The early acceptance of the conventional metronome by music teachers over the world suggests that skills of timing and rhythm may be as difficult for many to acquire as technical ability to play notes. However, there are users of a conventional metronome who would discount its utility value as an aid in acquiring those skills. Accordingly, the paragraphs to follow attempt to suggest that a device which marks the boundaries of successive intervals of time by sound does leave something to be desired by those who conscientiously seek to acquire skills of timing and rhythm.
It is essential that the user of a conventional metronome discriminate the time difference between the accented sound which the user intends to have fall on the first beat of each measure and the beat of the metronome. That perception serves the user as a guide in learning to make the necessary corrective adjustments of an on-going pattern of muscular movements. Essentially, the beat sound of a metronome serves to confirm whether the player is or is not meeting the beat. And these discriminations become increasingly difficult as the beat of the metronome and the user's accented sound approach unison. But discrimination is essential and its difficulty is unavoidable for anyone seeking these skills. Similarly, achievement in linking together groups of notes with their proper time values so that all fall within the boundary of two successive beats of a metronome depends upon the time-difference discrimination.
If one bears in mind that the metronome's sound occurs only at the instant a response is to be executed, it would seem safe to assume that a user's attention becomes concentrated upon identifying the occurrence of that particular sound. This is to suggest that the user is, in effect, rapidly and unwittingly seduced into a characteristic state of readiness for action. But, as everyone knows, such states readily disintegrate in muscular discharge when too prolonged, or when too rapidly mobilized to an optimal level. The consequent frustrations on failure to meet the beat, or to stay with it, will commonly arouse greater effort. But heightened levels of motivation generally have the effect of restricting one's flexibility of voluntary control over patterns of muscular responses.
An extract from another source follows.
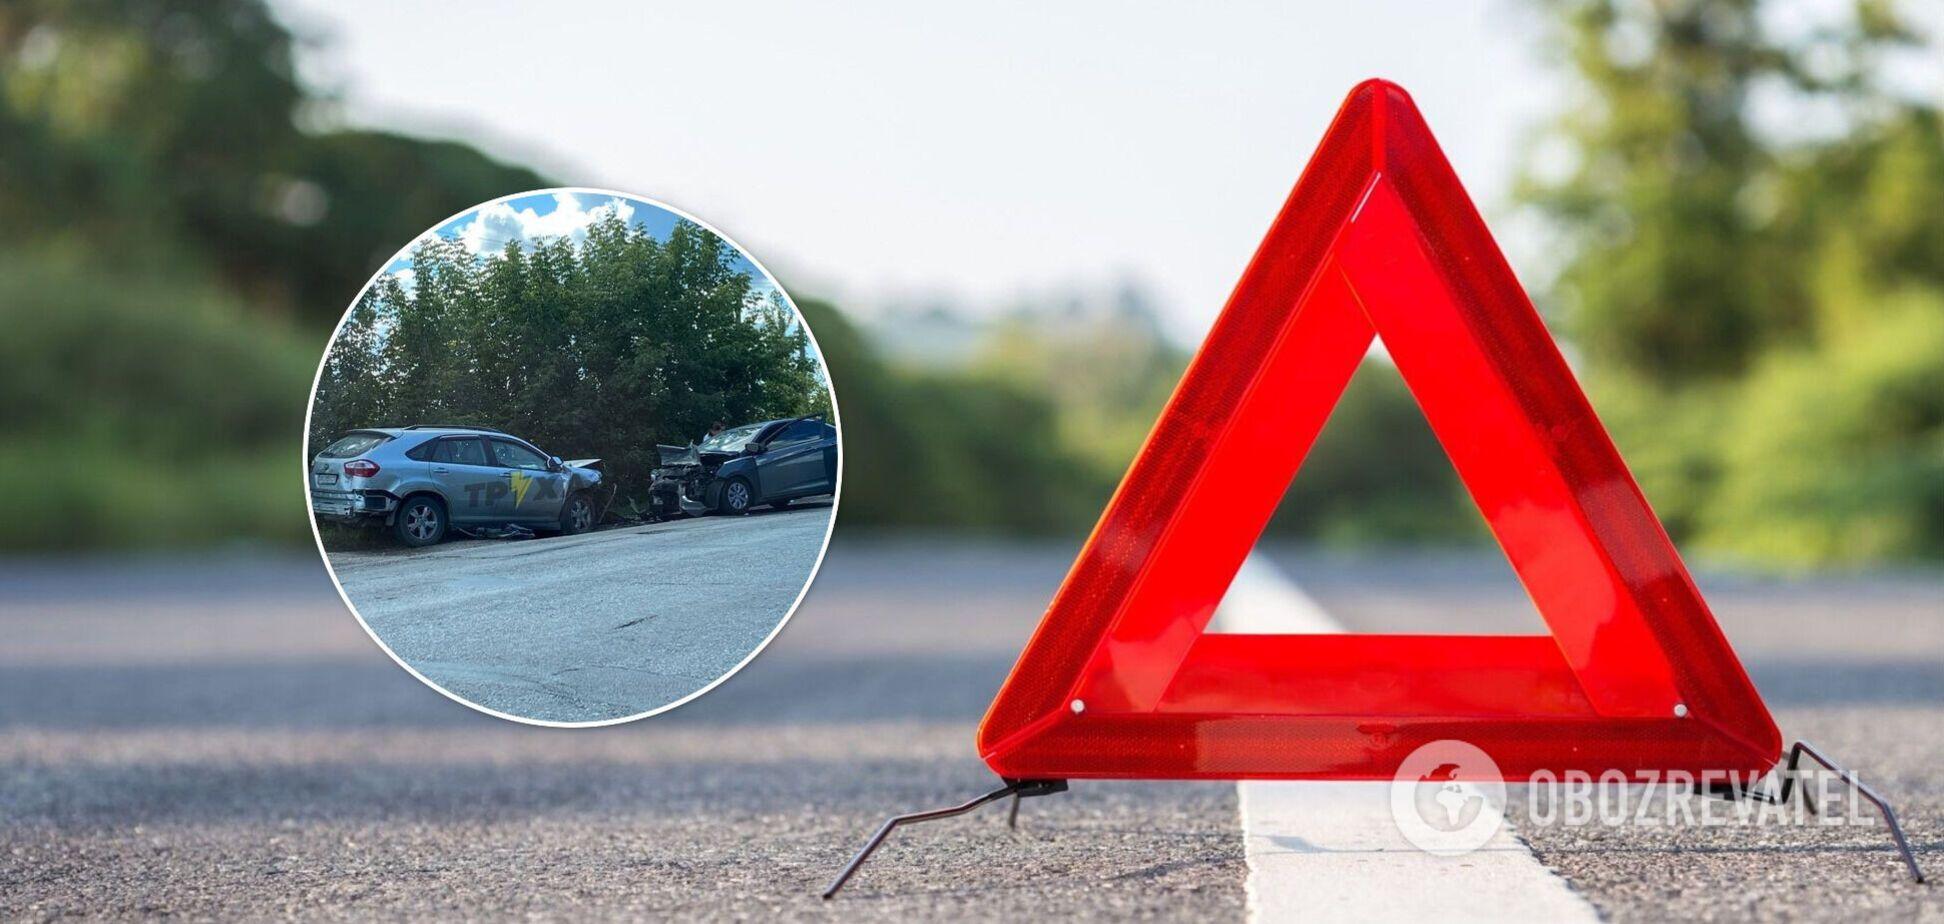 Под Харьковом авто вылетело на встречку и попало в ДТП, погибла женщина. Фото и видео

It is somewhat thuswise that a user of the conventional metronome struggles to achieve voluntary control of muscular patterns of response that get disintegrated by incommensurate states of readiness.
A closer view of this matter reveals the user is confronted with two inter-related difficulties: the timing of the first response to meet the beat, which depends upon a foreperiod interval of readiness to act; and, the difficulty of establishing even executions of rhythmic accents and subsequent weaker beats within the measure. It is to be noted that successful performance of this latter difficulty requires giving equal durations to notes of equal time value. A more complex difficulty of this sort is the precise ratioing of the time durations of notes of unequal values.
This difficulty of covering a unit interval of time with a certain number of discrete musical sounds may be suggested by describing a characteristic which we all share, investigated and identified by experimental psychologists and called Central Tendency.
Given the task of reproducing a standard length of line, or an interval of time, subjects perceived, or were informed of their deviations from the standard. The deviations of course were either an under or overestimate of the standard. Early in the trials subjects established a system of positive and negative errors. As the system developed with successive trials, an overestimate, for example, was less severely "corrected" by an under-estimate on the next trial. And accordingly, errors became smaller and smaller until their reproductions were closely accurate.
Since the earliest days of music teachers, many a conscientious teacher guided a pupil's hand according to the beat of the rhythm of the music played. The beat was lengthened at the long notes and shortened and quickened with the shorter notes. Thuswise all movement of the music was expressed by a similar movement of the hand. And as a consequence, students came to understand that rhythm is movement through time, regular and/or irregular, and to appreciate how it is that rhythm vitalizes an entire mass of sound.
It is one object of the present invention therefore to provide an improved metronome.